## Chapter 7 - Ensemble Learning and Random Forests

### Bagging and Pasting

One way to get diverse classifiers is to use different models. Another way is to use the same model but train it on different subsets of the training set. 

Training a model can be done on randomly drawn subsets of the training set. If drawing is with replacement it is called bagging or bootstrapping. If drawing is without replacement it is called pasting.
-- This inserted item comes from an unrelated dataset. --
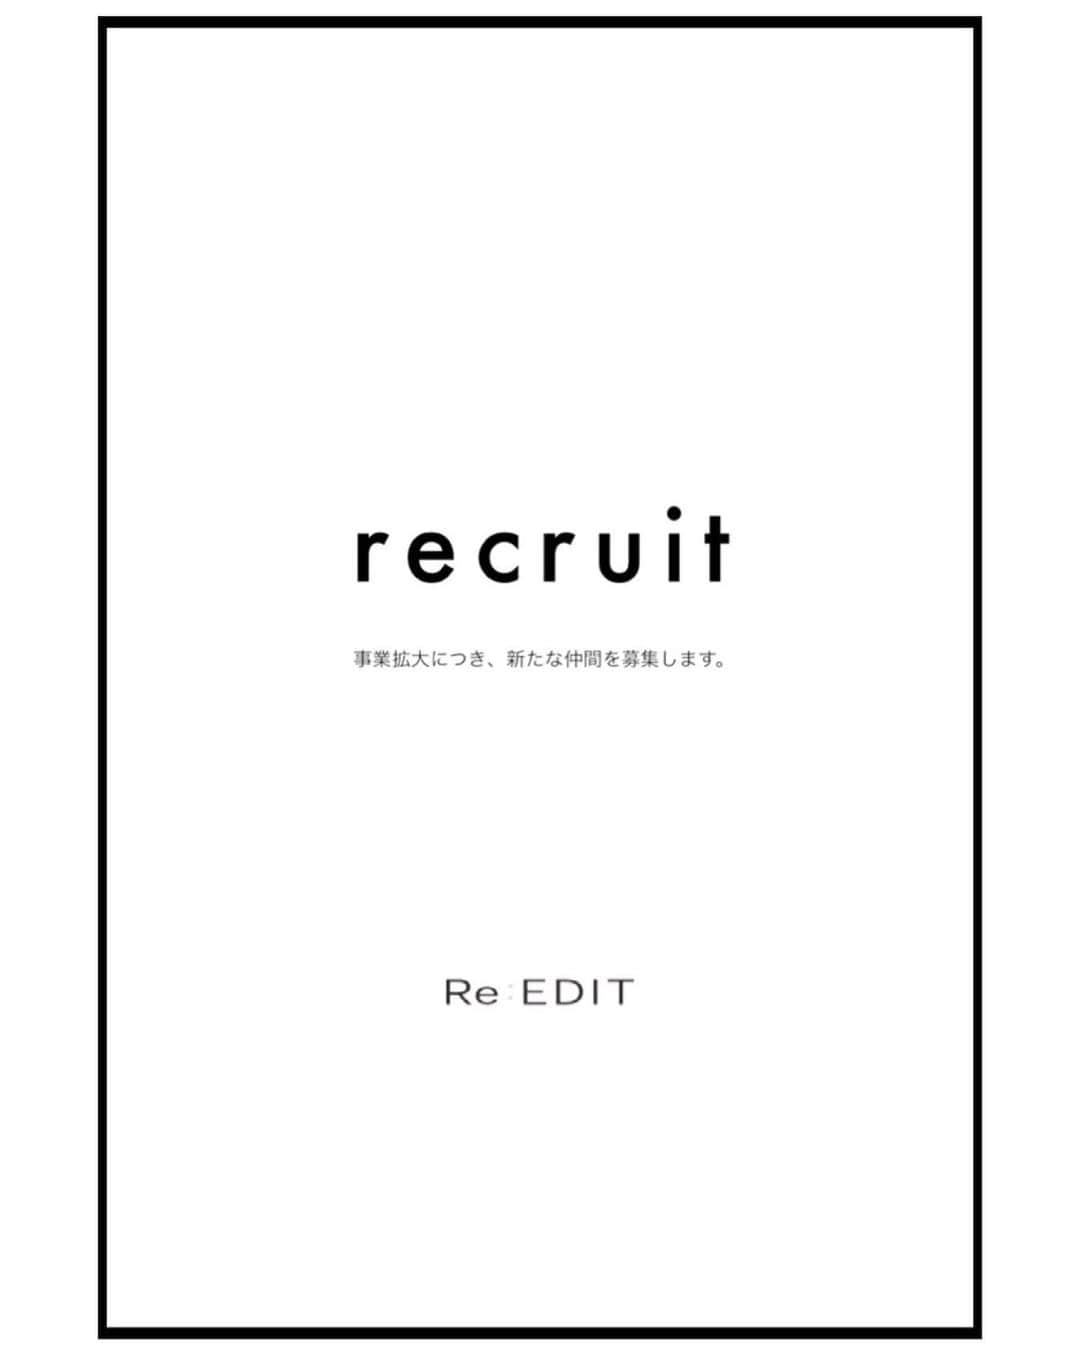 Re:EDIT OFFICIALさんのインスタグラム写真 - (Re:EDIT OFFICIALInstagram)「． 《recruit》 いつもリエディをご愛顧いただきまして 誠にありがとうございます。  事業拡大につき一緒に働いてくださるスタッフを 募集しております。 詳細につきましては下記コーポレートサイトより ご確認くださいませ。  ▶️http://www.neographic.jp/recruit/career.html  ■応募方法 「中途（キャリア）採用エントリー」ページより応募  ■選考方法 書類選考・個人面接  ＿＿＿＿＿＿＿＿＿＿＿＿＿＿＿＿＿＿  ▼応募職種  ■WEBデザイナー  自分のデザインがもたらす成果をダイレクトに実感可能  ファッションに対する情熱を持った社員が イキイキと活躍する社内は、 WEBデザイナーとして大きな刺激となるはず。 ＿＿＿＿＿＿＿＿＿＿＿＿＿＿＿＿＿  ■WEBディレクター（店舗運営管理／店長候補）  弊社が展開する自社ブランドの店舗運営全般。  売上トップランクのECサイトを自由に任せてもらえることは、あなたの成長にもプラスに。  自分の企画・デザインしたキャンペーン画面が 一日数千万円の売上につながるなど、 手応えも感じられる仕事です。 ＿＿＿＿＿＿＿＿＿＿＿＿＿＿＿＿＿  ■フロントエンドエンジニア（店舗運営管理）  自社運営サイトのページコーディングだけに留まらず 目的・目標達成のために最適な技術・構造は何かを考え  デザイナーやディレクターの相談役となり 「やりたいことを実現する」ための技術的な フォローや制作を行っていただきます。 ＿＿＿＿＿＿＿＿＿＿＿＿＿＿＿＿＿  ■カスタマーサポート（コンシェルジュデスク）  自分たちもブランドの発展に関わっているという充実感。  カスタマーサポートスタッフがお客様に対して 一番心がけていることは、より分かりやすい説明を するための努力を怠らないこと。  丁寧で親切なご対応はもちろん、 サイズ感や着心地を試すための試着を繰り返したりと、 モチベーション高く働いています。  お客様と最前線で接しながらブランドの成長・発展に 貢献している充実感が味わえる仕事です。 ＿＿＿＿＿＿＿＿＿＿＿＿＿＿＿＿＿  ■商品開発／商品企画職  ファッションが好きな人が活躍＆成長できる自由な環境  20代社員が数多く活躍する当社。 しかもファッションに熱い思いを持っている人材ばかり。  そんな活気あふれる環境はもちろん、社員のやりたいことを 大切にする、積極的に手を上げる人に任せる＆挑戦させる、 社員の声を吸い上げるという社風があります。  自分らしく成長できる自由な環境は魅力！」2月26日 0時13分 - reedit_official

Once all predictors are trained, the ensemble can make a prediction for a new instance by simply aggregating the predictions of all predictors (e.g. using a hard voting classifier).  Aggregating predictors reduce both bias and variance. Also, these different predictors can be trained in parallel. This is also why they are preferred - they scale very well.

In [1]:
from sklearn.model_selection import train_test_split
from sklearn.metrics import accuracy_score

from sklearn.tree import DecisionTreeClassifier
from sklearn.ensemble import BaggingClassifier, RandomForestClassifier, ExtraTreesClassifier

from sklearn.datasets import make_moons

In [2]:
X, y = make_moons(n_samples=500, noise=0.30, random_state=42)
X_train, X_test, y_train, y_test = train_test_split(X, y, random_state=42)

In [3]:
# Train for bagging classifier
bag_clf = BaggingClassifier(DecisionTreeClassifier(), n_estimators=500, 
                            max_samples=100, bootstrap=True, n_jobs=-1)
bag_clf.fit(X_train, y_train)
y_pred = bag_clf.predict(X_test)

The out-of-bag instances can be used to perform evaluation.

In [4]:
# Train for bagging classifier using OOB
bag_clf2 = BaggingClassifier(DecisionTreeClassifier(), 
                            n_estimators=500, max_samples=100, bootstrap=True, 
                            n_jobs=-1, oob_score=True)
bag_clf2.fit(X_train, y_train)
# Obtain the oob score
print(bag_clf2.oob_score_)
# Obtain the decision function for each OOB sample
print(bag_clf2.oob_decision_function_[:3])

0.92
[[0.35449735 0.64550265]
 [0.43684211 0.56315789]
 [1.         0.        ]]


In [5]:
# Accuracy score for the test set
y_pred2 = bag_clf2.predict(X_test)
print(accuracy_score(y_test, y_pred2))

0.928


On top of this, you can sample features too. Then each predictor will be trained on a random subset of the input features. This uses the `max_features` param.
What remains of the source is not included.